According to a December 20, 2019 report by the Congressional Research Center:  Mexico: Organized Crime and Drug Trafficking Organizations

“Mexican drug trafficking organizations (DTOs) pose the greatest crime threat to the United States and have “the greatest drug trafficking influence,” according to the annual U.S. Drug Enforcement Administration’s (DEA’s) National Drug Threat Assessment. These organizations work across the Western Hemisphere and globally. They are involved in extensive money laundering, bribery, gun trafficking, and corruption, and they cause Mexico’s homicide rates to spike. They produce and traffic illicit drugs into the United States, including heroin, methamphetamine, marijuana, and powerful synthetic opioids such as fentanyl, and they traffic South American cocaine. Over the past decade, Congress has held numerous hearings addressing violence in Mexico, U.S. counternarcotics assistance, and border security issues.

Mexican DTO activities significantly affect the security of both the United States and Mexico. As Mexico’s DTOs expanded their control of the opioids market, U.S. overdoses rose sharply to a record level in 2017, with more than half of the 72,000 overdose deaths (47,000) involving
opioids. Although preliminary 2018 data indicate a slight decline in overdose deaths, many analysts believe trafficking continues to evolve toward opioids. The major Mexican DTOs, also referred to as transnational criminal organizations (TCOs), have continued to diversify into such crimes as human smuggling and oil theft while increasing their lucrative business in opioid supply. According to the Mexican government’s latest estimates, illegally siphoned oil from Mexico’s state-owned oil company costs the government about $3 billion annually”

WHO ARE THEY

Mexico’s drug trafficking organizations have constantly changed over the last 12 years.  Currently there are 9 well organized DTOs  in operation, the DEA has identified those 9 organizations as follows:

  • Sinaloa
  • Los Zetas
  • Tijuana
  • Juárez
  • Beltrán Leyva
  • Gulf
  • La Familia Michoacana
  • Knights Templar
  • Cartel Jalisco-New Generation (CJNG).

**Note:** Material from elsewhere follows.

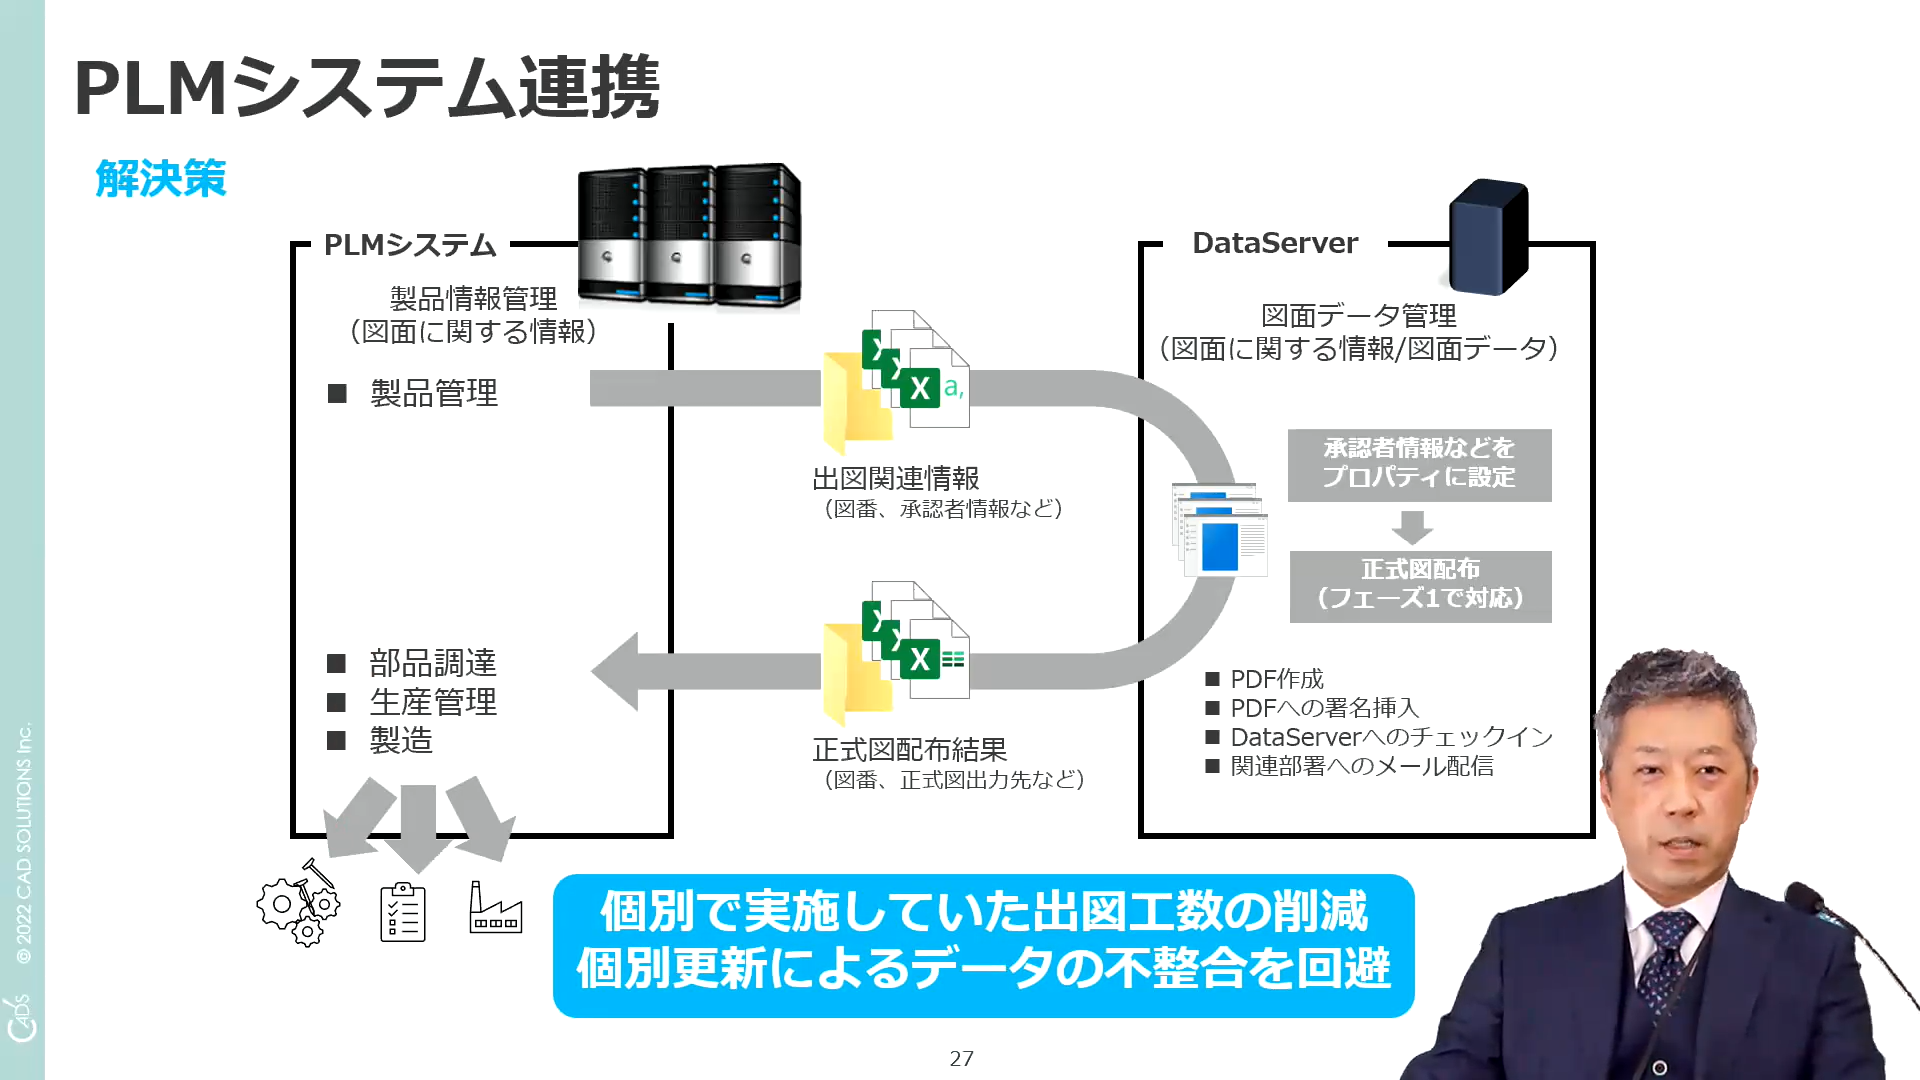 イメージ:お客様事例紹介:DataServerにおける出図の自動化～PLMシステム連携

In mid-2019, leader of the long-dominant Sinaloa Cartel, Joaquin (“El Chapo”) Guzmán, was sentenced to life in a maximum-security U.S. prison, spurring further fracturing of a once dominant Sinaloa Cartel.  However, despite the apprehension and conviction of El Chapo, the Sinaloa and CJNG Cartels are two of the most significantly active DTO’s in the United States today.

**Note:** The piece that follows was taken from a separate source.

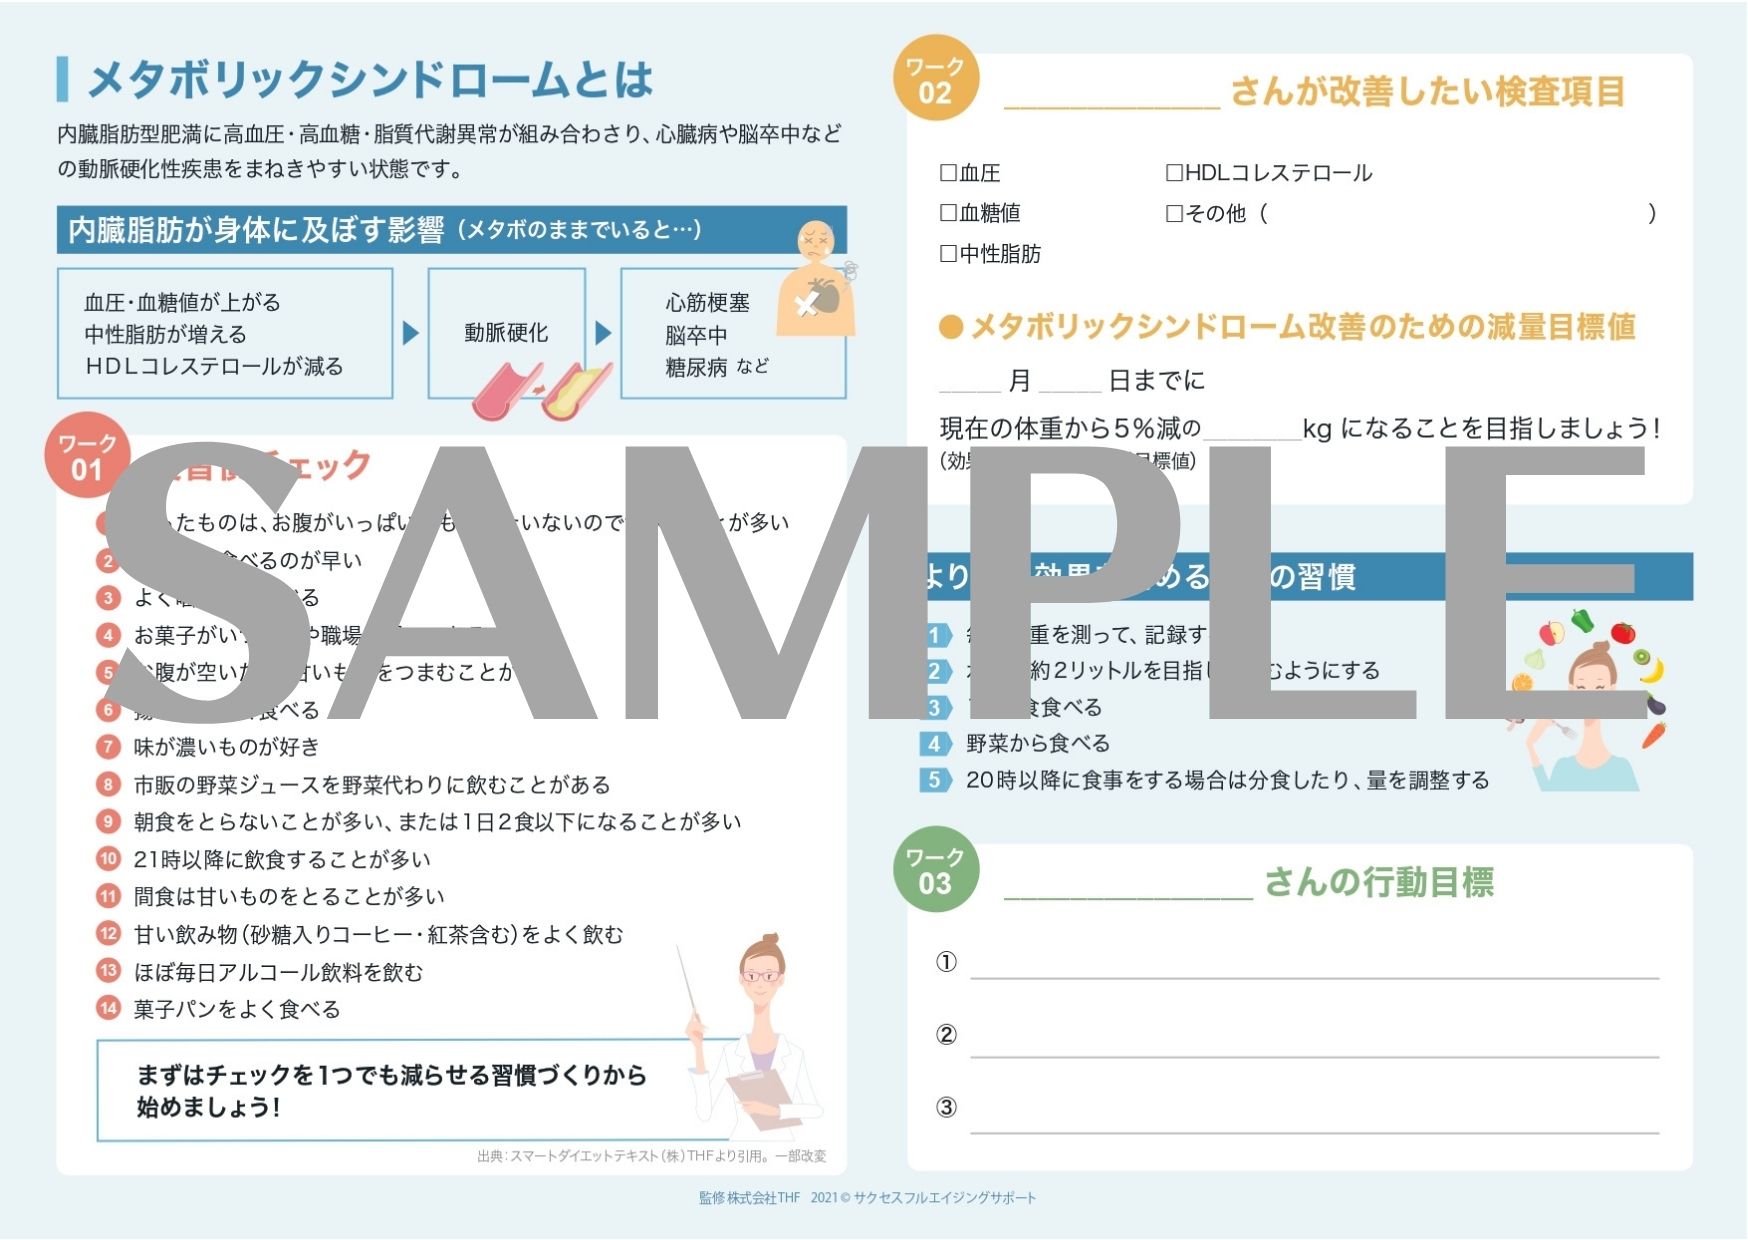 保健指導リーフレット表【SAMPLE】

In 2019, Mexico’s national public security system reported more than 17,000 homicides between January and June, setting a new historical record for homicides. Towards the end of 2019, several offshoot groups from formerly stable cartels were responsible for increasingly flagrant and extreme acts of violence including:

  • The October capture by Mexican authorities of a son of imprisoned Mexican drug kingpin Joaquin (“El Chapo”) Guzmán. Guzmán’s son was briefly detained for trafficking, until the Sinaloa Cartel responded with overwhelming force that brought chaos to the city of Culiacan and prompted authorities to release him.
  • The November 4 slaying of nine U.S.-Mexican dual citizens of an extended Mormon family (including children) in the border state of Sonora in Mexico.
  • A shootout near the Texas-Mexico border in which some 21 people were killed over two days, including police, criminal group members, and civilians.

Violence is inextricably linked to the trade in illicit drugs. Traffickers use violence to settle disagreements, to maintain employee discipline and for them it provides a means of order with suppliers, creditors, and buyers, while also intimidating potential competitors.

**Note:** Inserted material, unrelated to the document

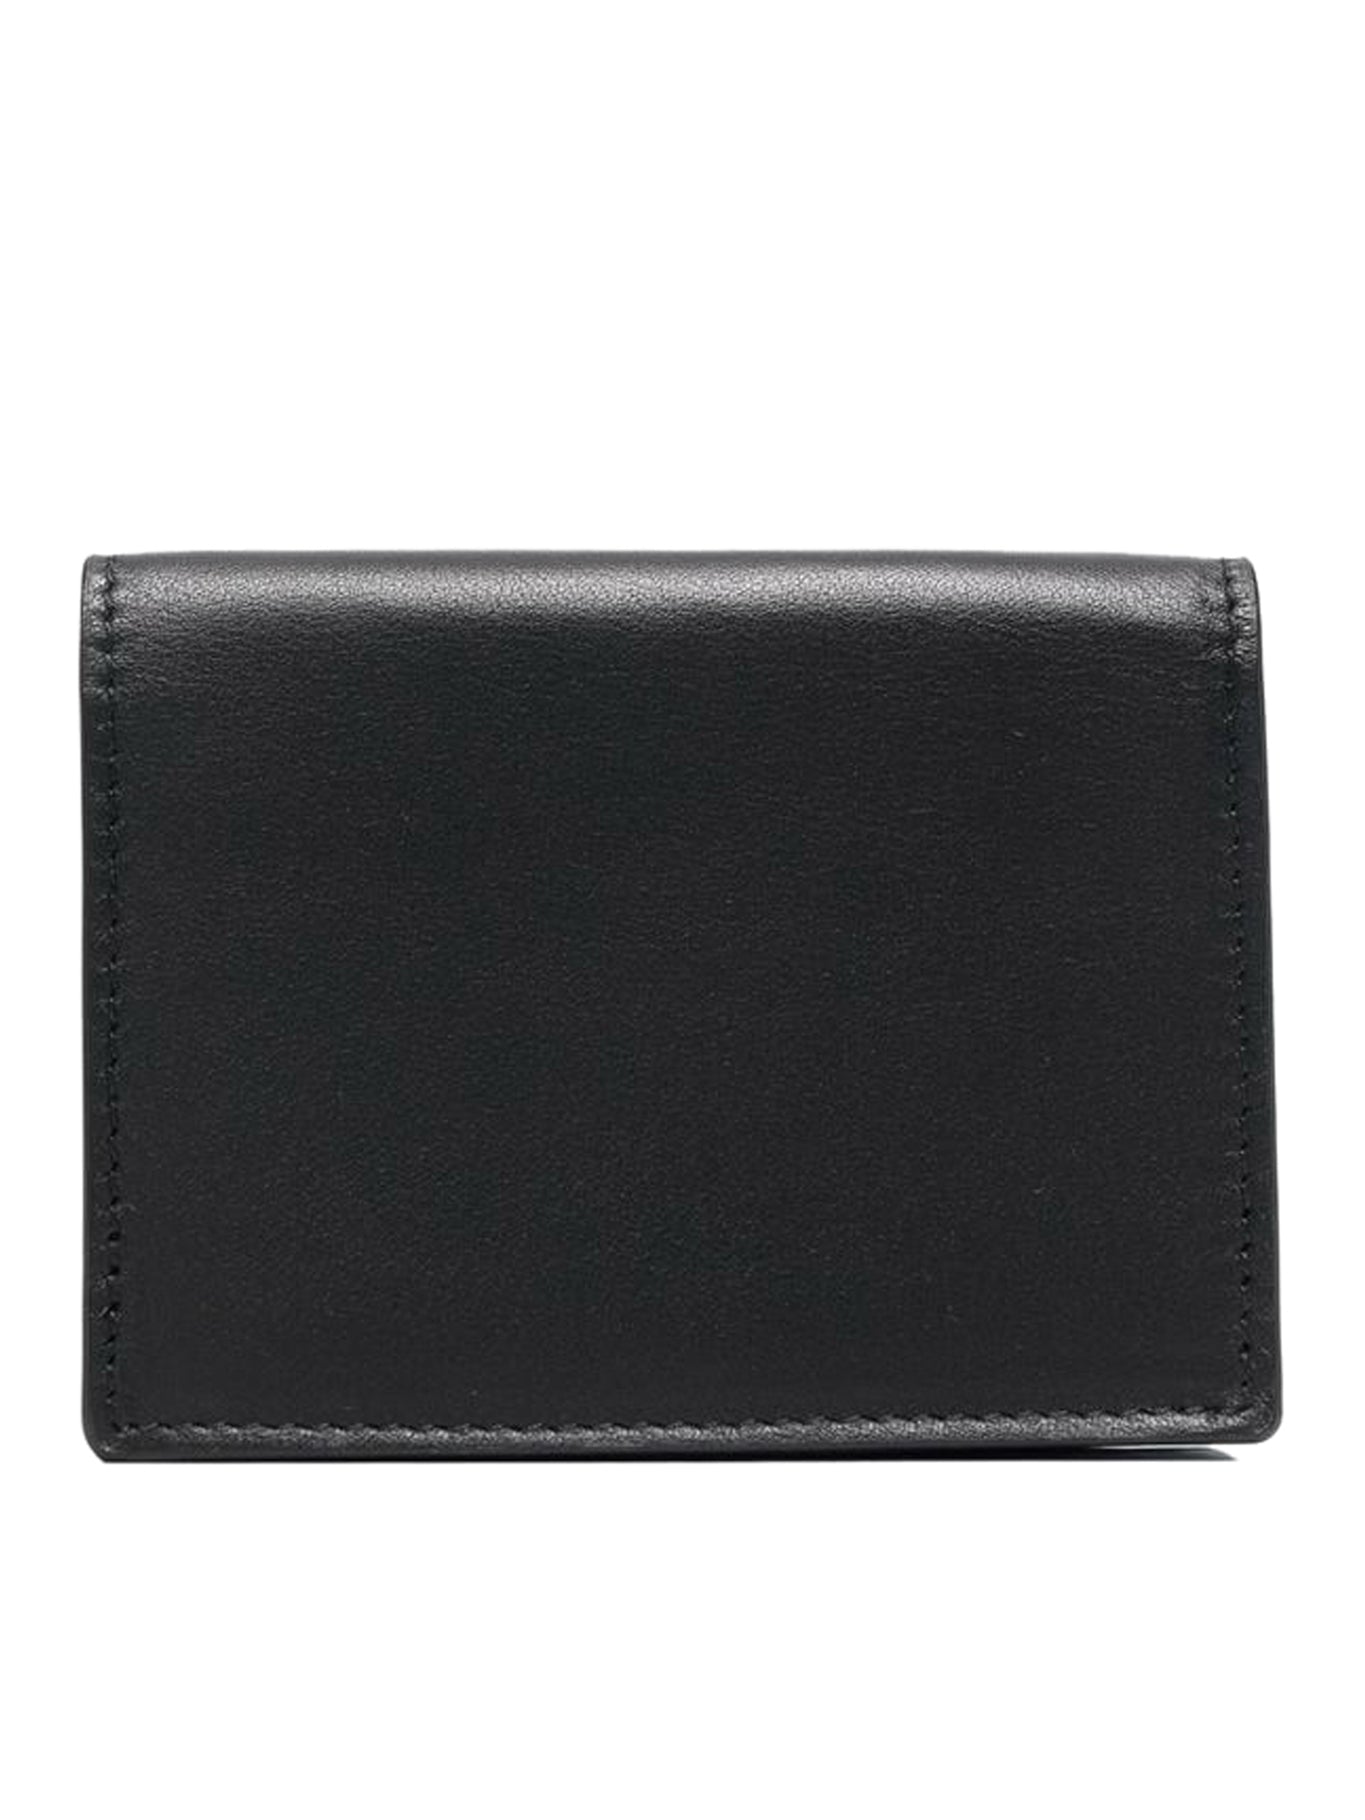 Medusa leather wallet

The level of  violence that is now associated with drug trafficking organizations in Mexico has risen to levels never seen before.  In Mexico, the violence is not only used to resolve disputes, maintain discipline, or intimidate rivals but now it also has been directed toward the government, political candidates, and the media.  Periodically, when organized crime-related homicides in Mexico have spread to important urban centers or resulted in the murder of U.S. citizens, Members of Congress have considered the possibility of designating the criminal groups as foreign terrorists, as in 2019.  However, despite the growing risks and documented evidence of the very extreme levels of brutality and violence associated with these increasingly dangerous TCOs no serious Congressional action to make this declaration has been undertaken, this needs to change.

As these criminal organizations continue to infiltrate the United States and our communities the violence and brutality routinely associated with these criminal organizations will also become part of our communities along with their deadly narcotics.